__Task requirements__
From the records below, extract only the lines running from the line with "Art Throw Pillow" to the line with "Modern courier technology", both lines included, reproducing them exactly.

__Input data__
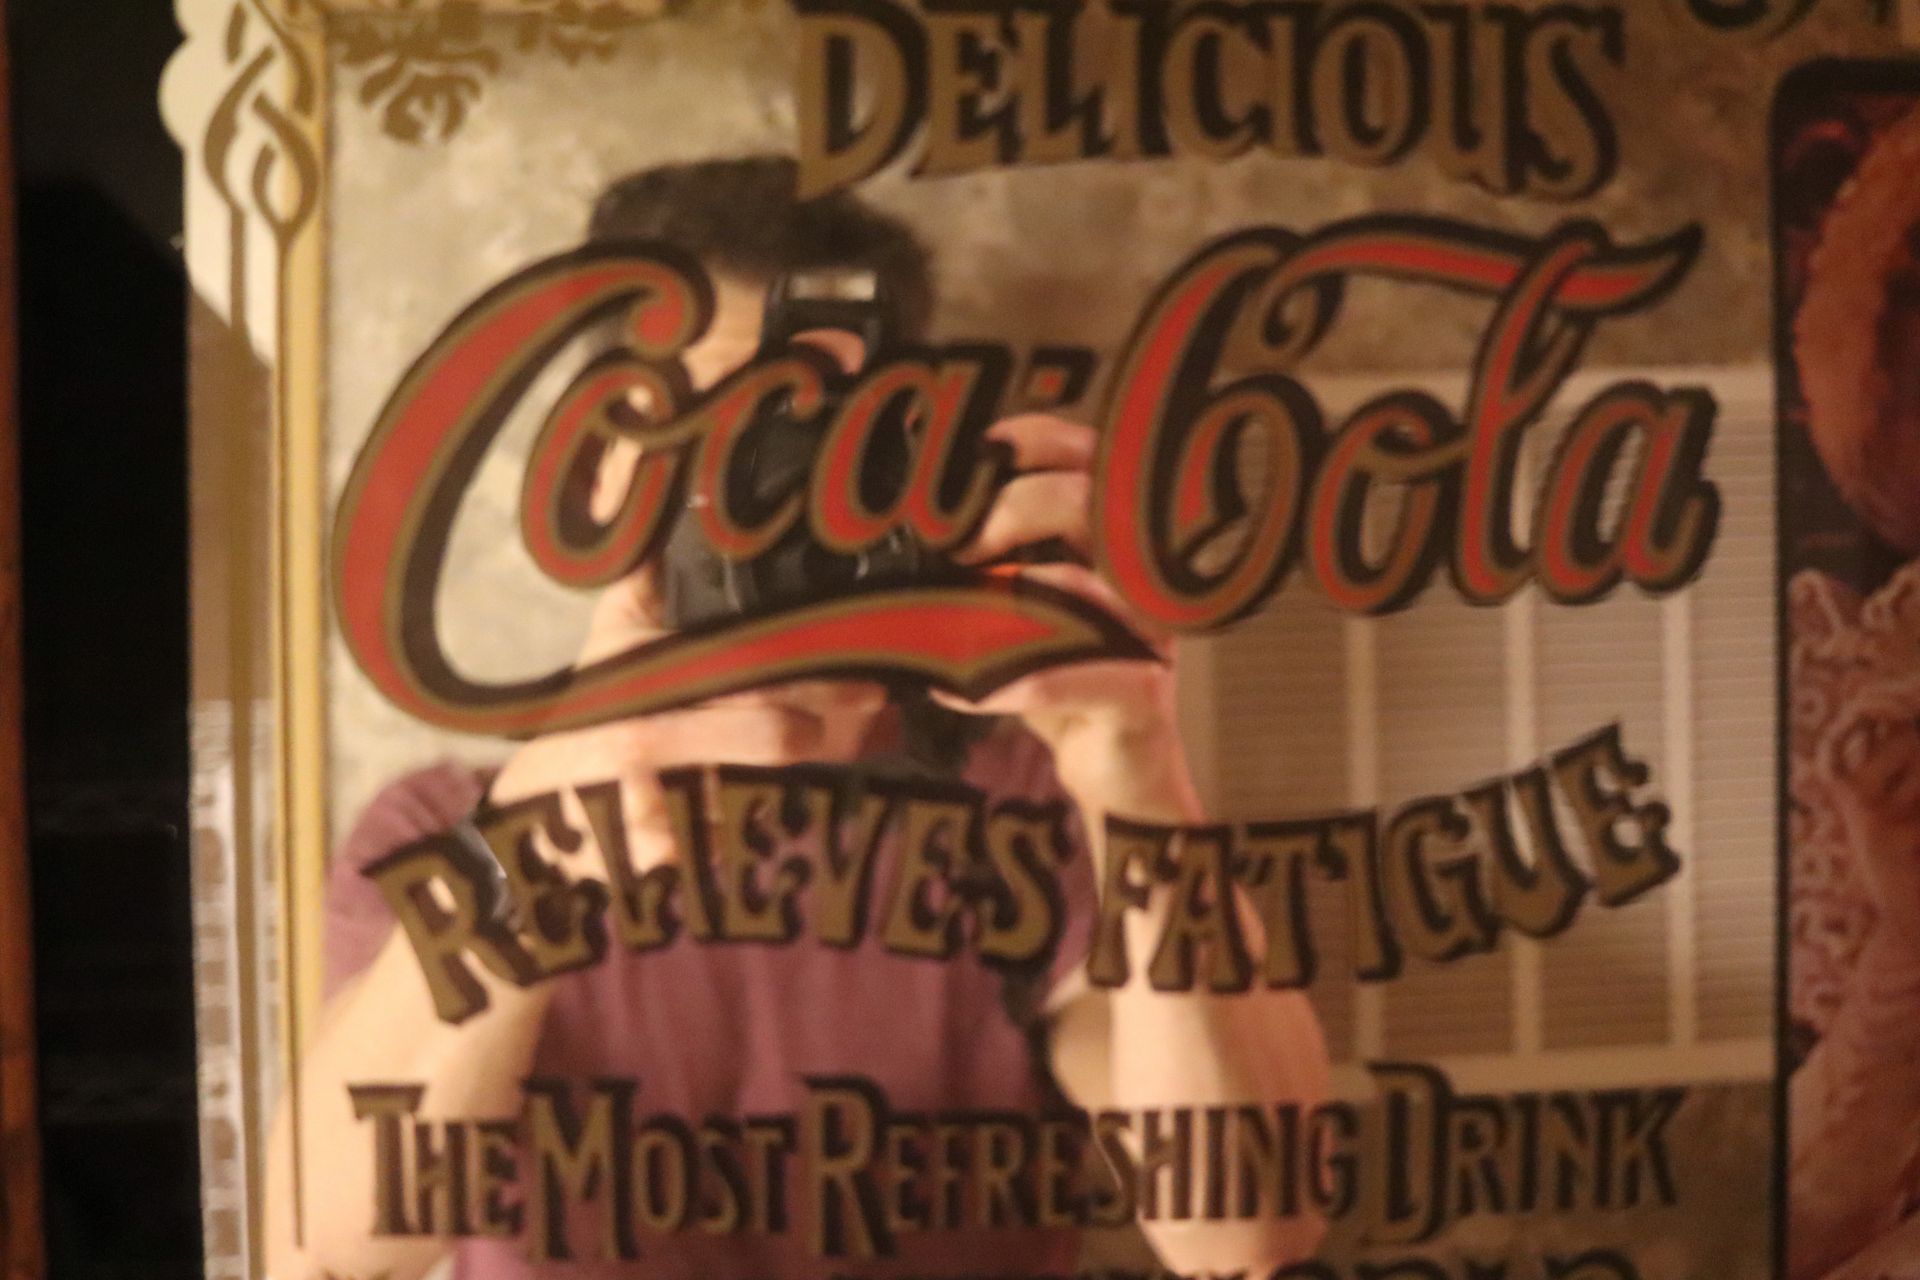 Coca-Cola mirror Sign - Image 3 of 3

---

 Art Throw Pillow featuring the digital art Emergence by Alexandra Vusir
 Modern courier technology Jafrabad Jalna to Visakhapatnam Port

__Written solution__
 Art Throw Pillow featuring the digital art Emergence by Alexandra Vusir
 Modern courier technology Jafrabad Jalna to Visakhapatnam Port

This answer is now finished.